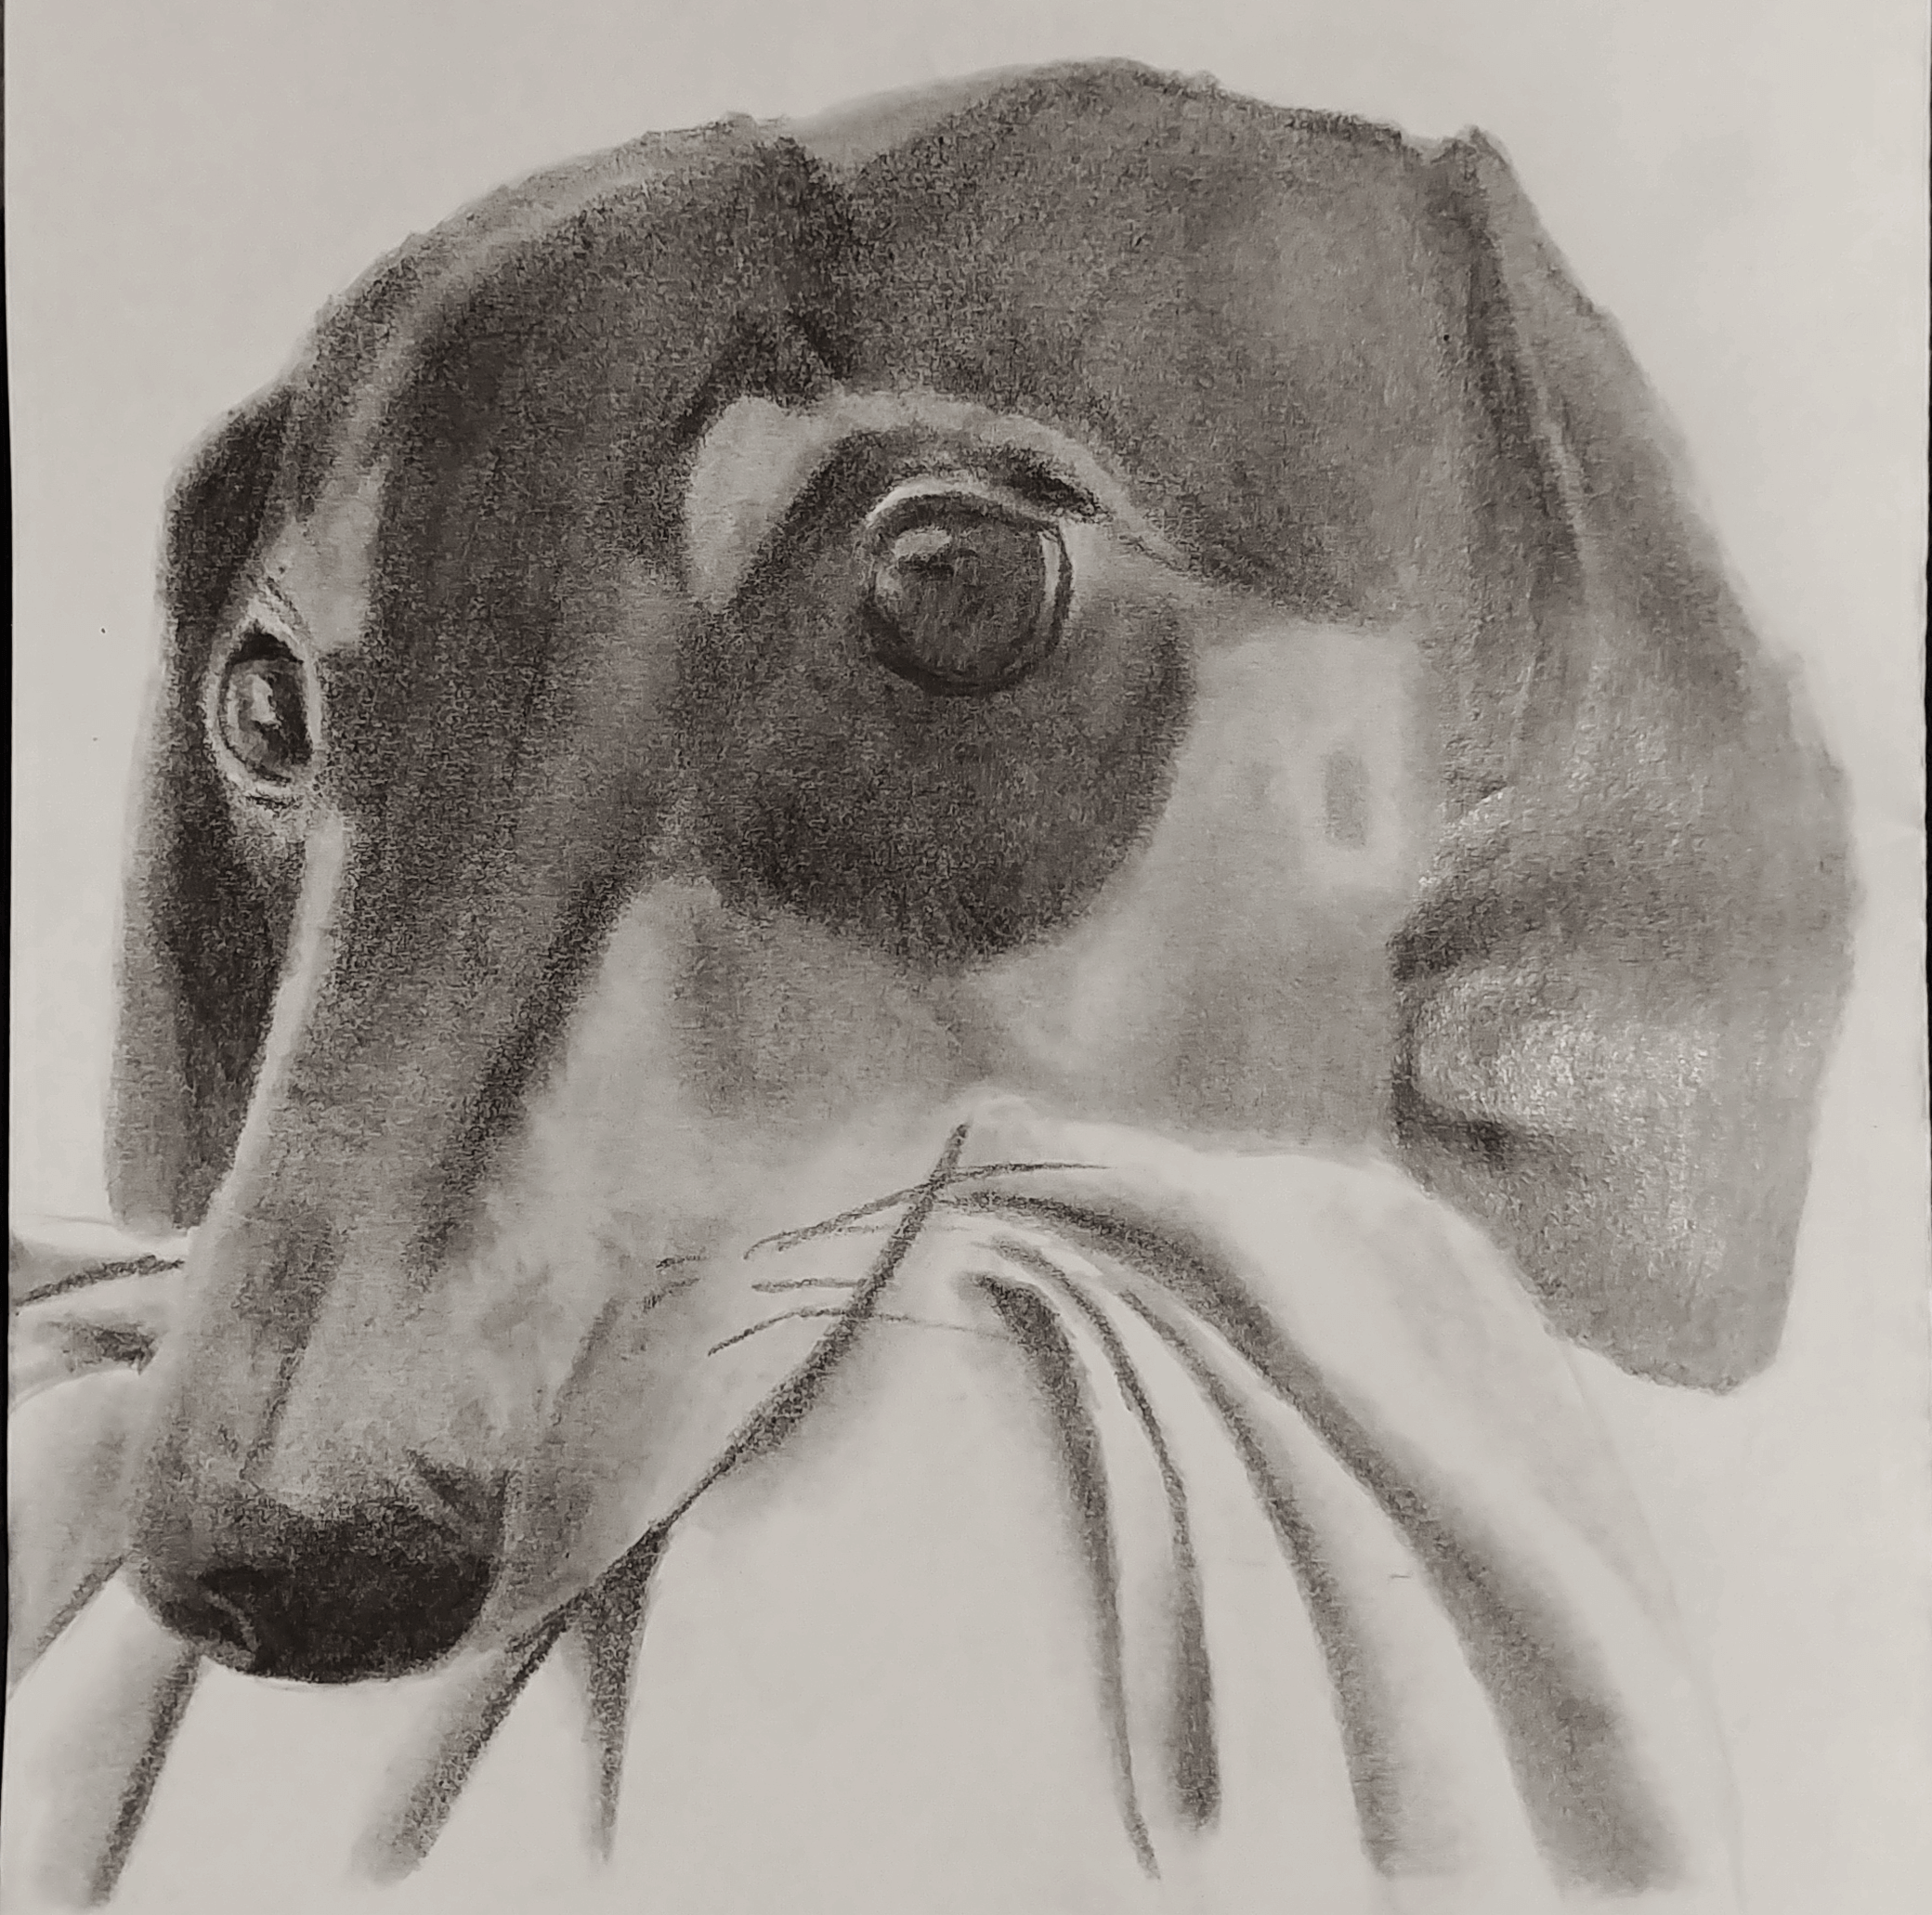 A pencil drawing of Khiron, my puppy, after he stole a blanket and refused to let it go.
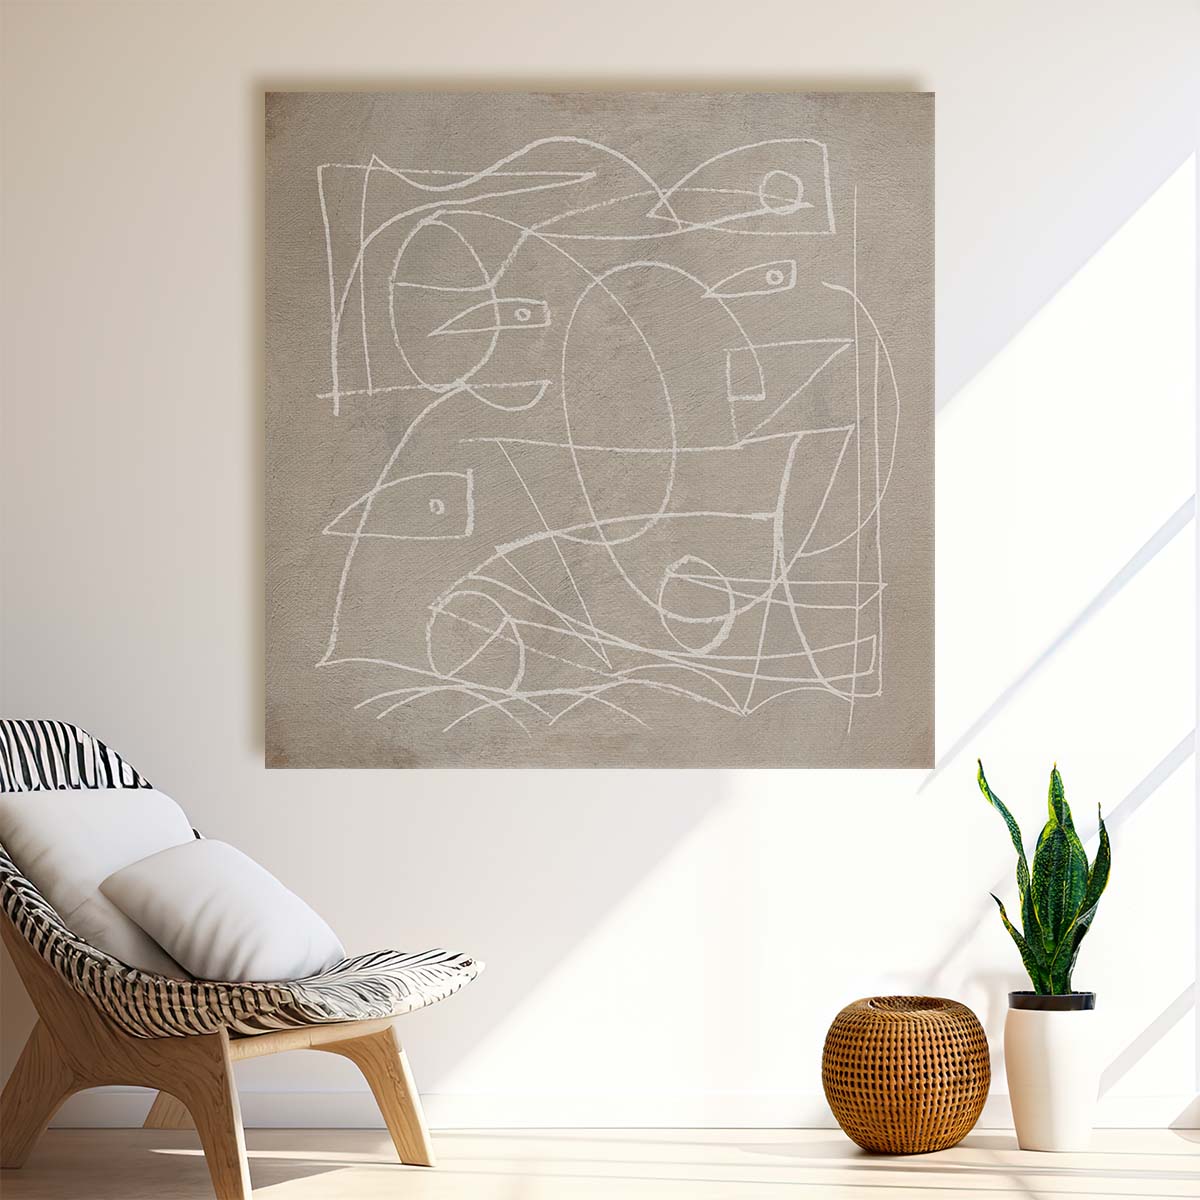 Modern Minimalist Abstract Acrylic Illustration by Dan Hobday Wall Art by Luxuriance Designs. Made in USA.
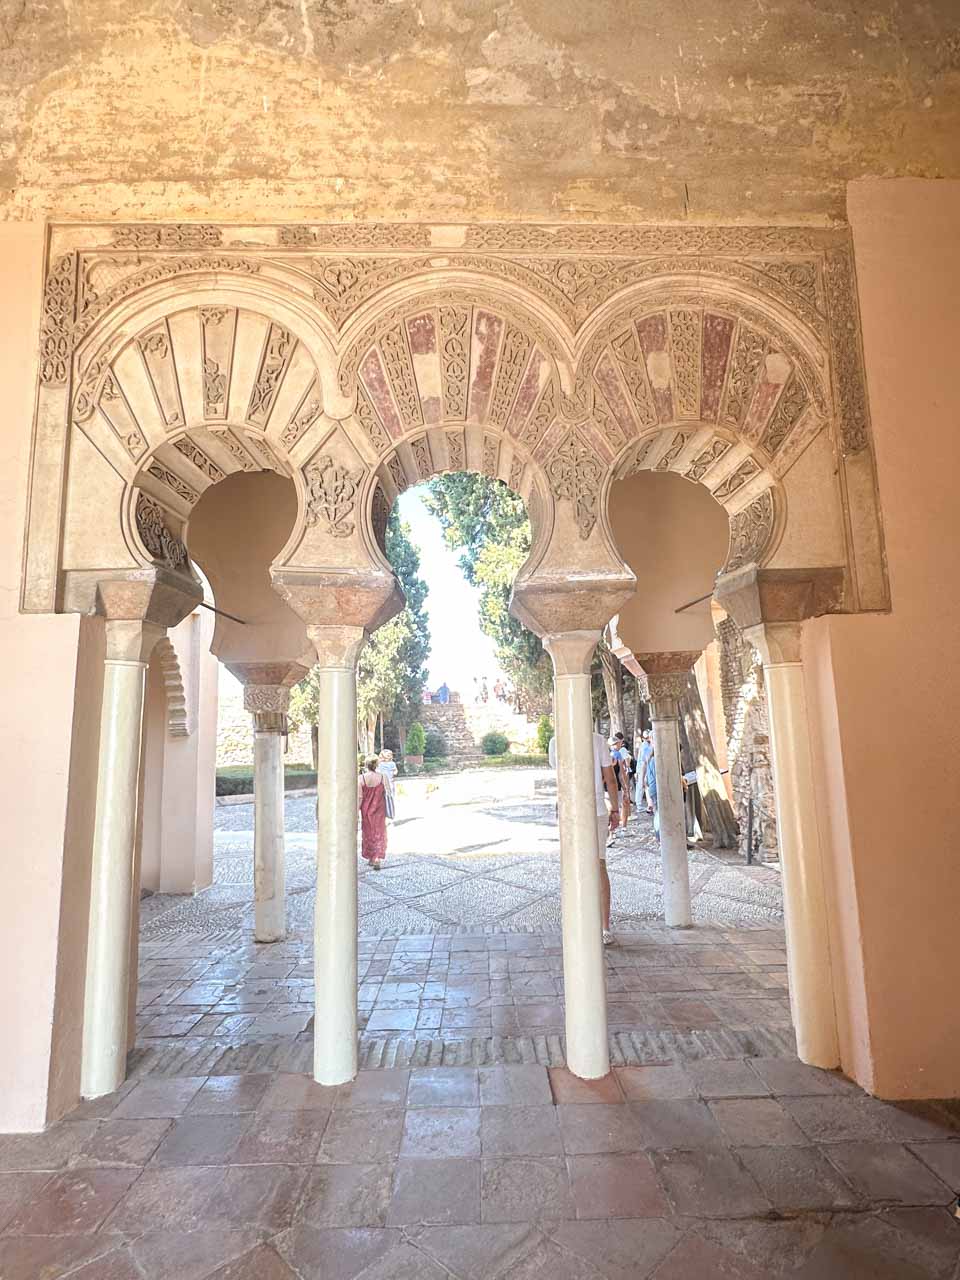 An arched gateway with elaborate Moorish designs and columns at the Alcazaba of Malaga

> Task directions
Give back only the lines from the one that carries "Modern Minimalist Abstract" through the final line above, both included. Drop all pictures.

> Exercise result
 Modern Minimalist Abstract Acrylic Illustration by Dan Hobday Wall Art by Luxuriance Designs. Made in USA.
 An arched gateway with elaborate Moorish designs and columns at the Alcazaba of Malaga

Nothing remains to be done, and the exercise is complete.